Sage:            Eric goes to his hidden floorboard in the kitchen. He lifts up [chuckles] the—

Travis:          No, the bag is hidden under the fl- the floorboard is there—

Sage:            Yes, yes [chuckles].

Travis:          —the bag is under the floorboard. The floorboard is in plain sight.

Sage:            [amused] Okay.

Travis:          I don’t need to hide the floorboard.

Sage:            But, you lift up a floorboard and you find—

Travis:          I mean, maybe there’s a rug on it but…

Sage:            [chuckles] Yes. Yes, there’s a rug. You push it outta the way.
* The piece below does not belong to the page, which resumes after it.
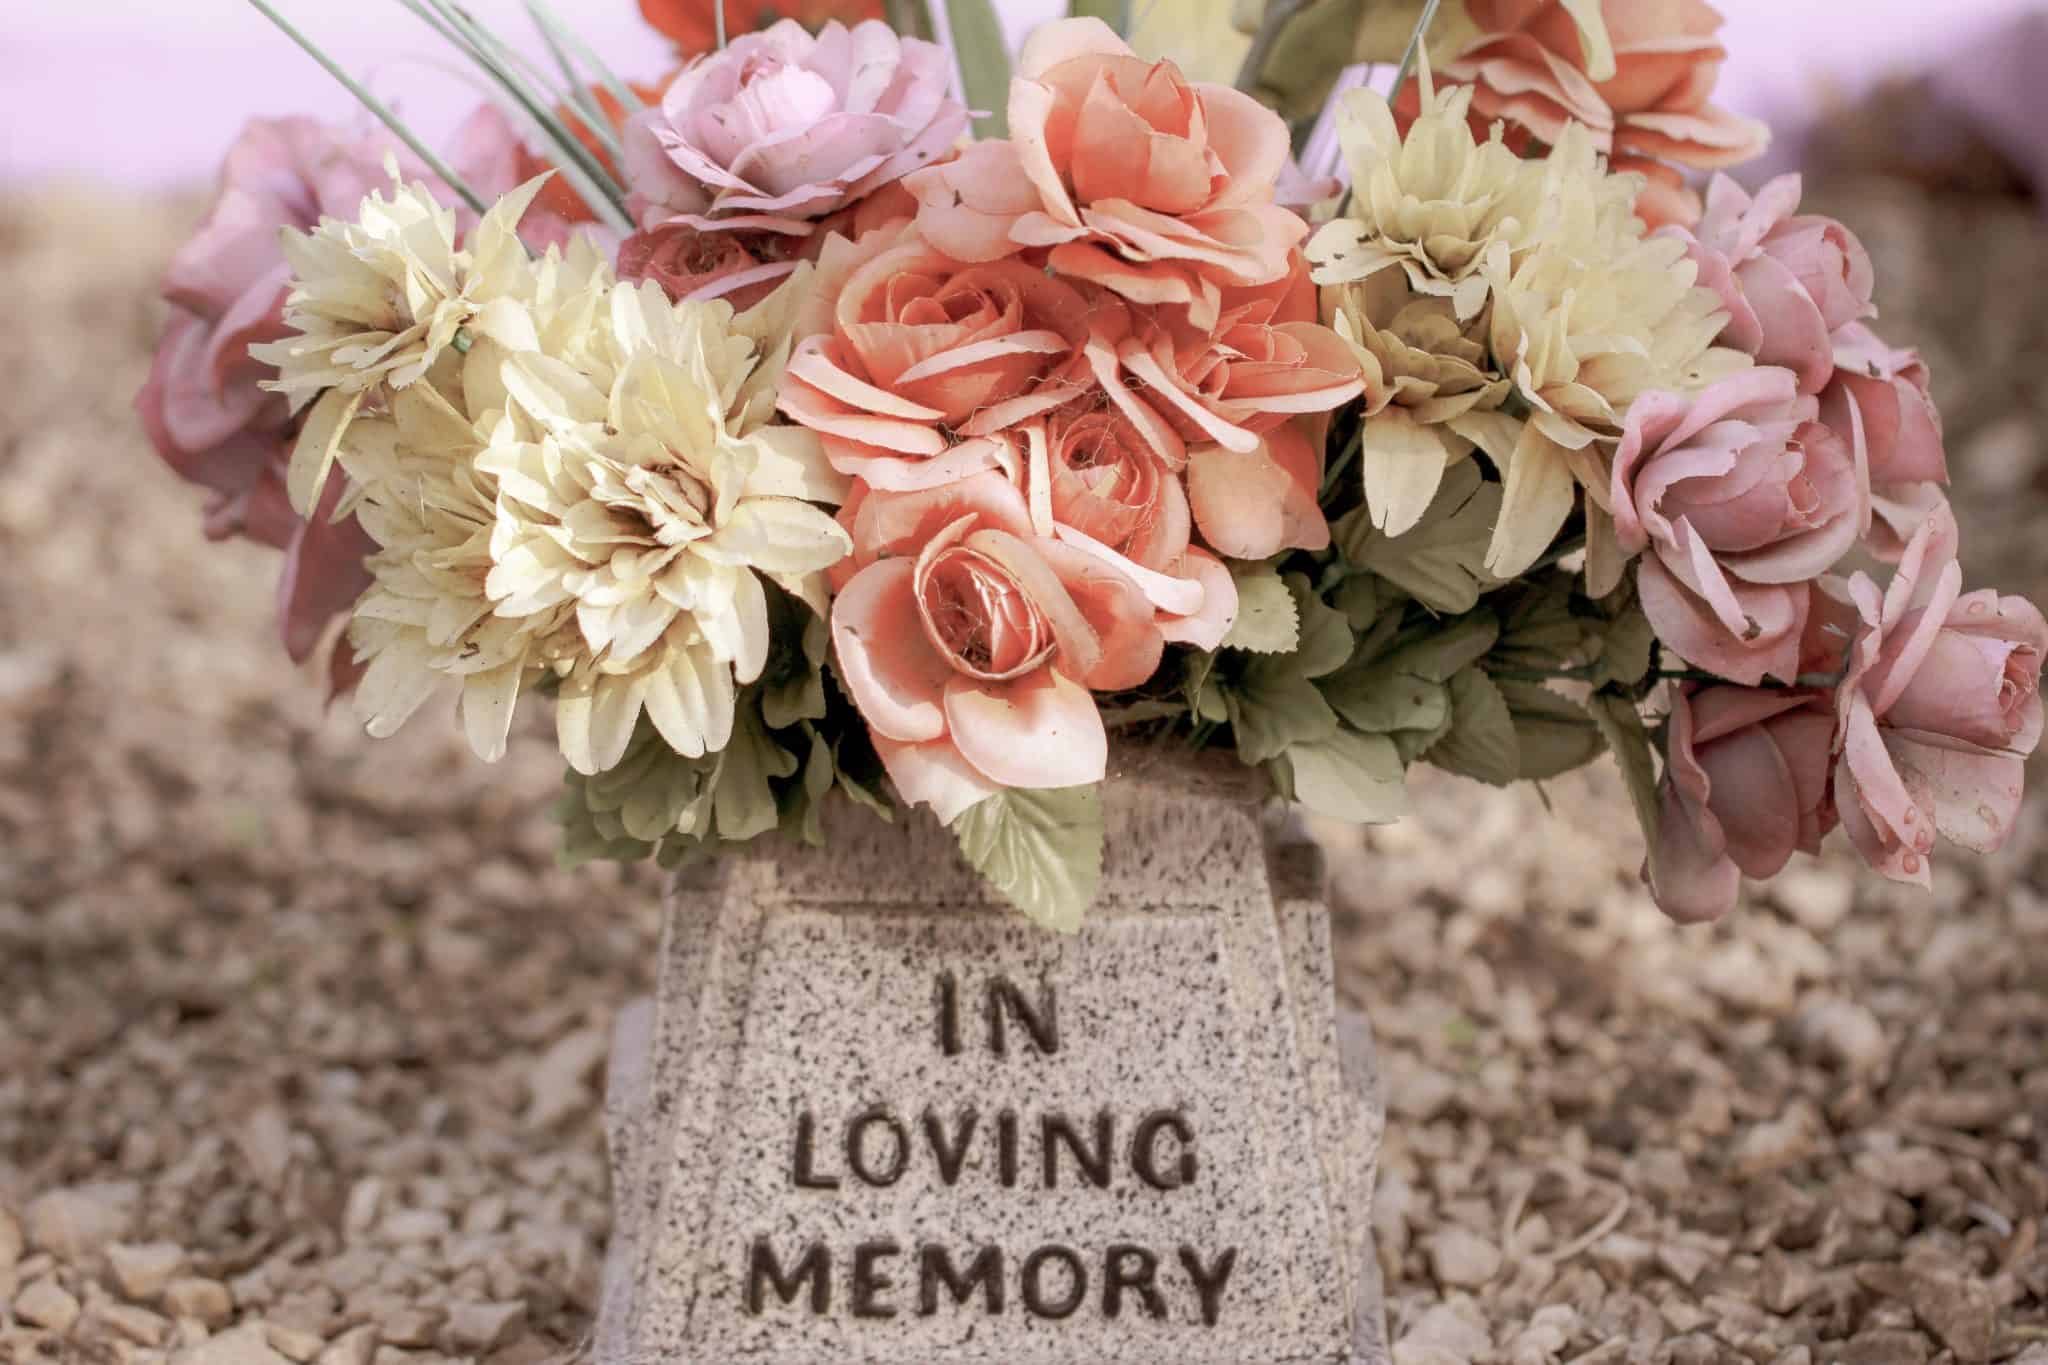 In Loving Memory memorial with flowers

Travis:          Roll the rug back, get the floorboard…

Sage:            Lift it up, and there is a bag. And what is in the bag?

[Eric pushes a rug away and the floorboard creaks open.]

Eric:             Okay, uuuh, money. Uh, supplies, first aid. Dadada. Gun! Gun! Alright, um. Bows, passport, another passport, ID.

Sage:            Roll Combat. That’s Powerful.

[Dice roll on table.]

[Net chime.]

10! Wow! Perfectly balanced, as all things should be. In the dead center of 1-20. Um…

Travis:          Paid for a full season o’ this shit.

Sage:            [chuckles] Another bullet grazes right by Eric. He didn’t move [stifles laughter], but now he knows he needs to.

Eric:             Okay! Okay! Okay! I’m out. I’m out, I’m out. Beh leh leh. Out!

[Sage stifles laughter.]

[A door bangs open as Eric rushes out of his apartment and into the stairwell. His voice and footfalls echo a bit in the enclosed concrete space.]

[mumbles] Okay, okay, okay. [normal] That’s the… I’m facing that, so the north side. Higher. Okay, I gotta go out the back. Okay, uuuhhh.

[Stat test chime.]

Sage:            Eric can roll full blue.

[Dice roll on table.]

[Net chime.]

Travis:          6 on Personal, 8 on Powerful.

Sage:            Yeah, um…

[Travis stifles laughter.]

Eric is so flustered, [amused] he trips and falls down a flight of stairs.

[Thudding is heard as Eric falls. He grunts in pain the whole way down.]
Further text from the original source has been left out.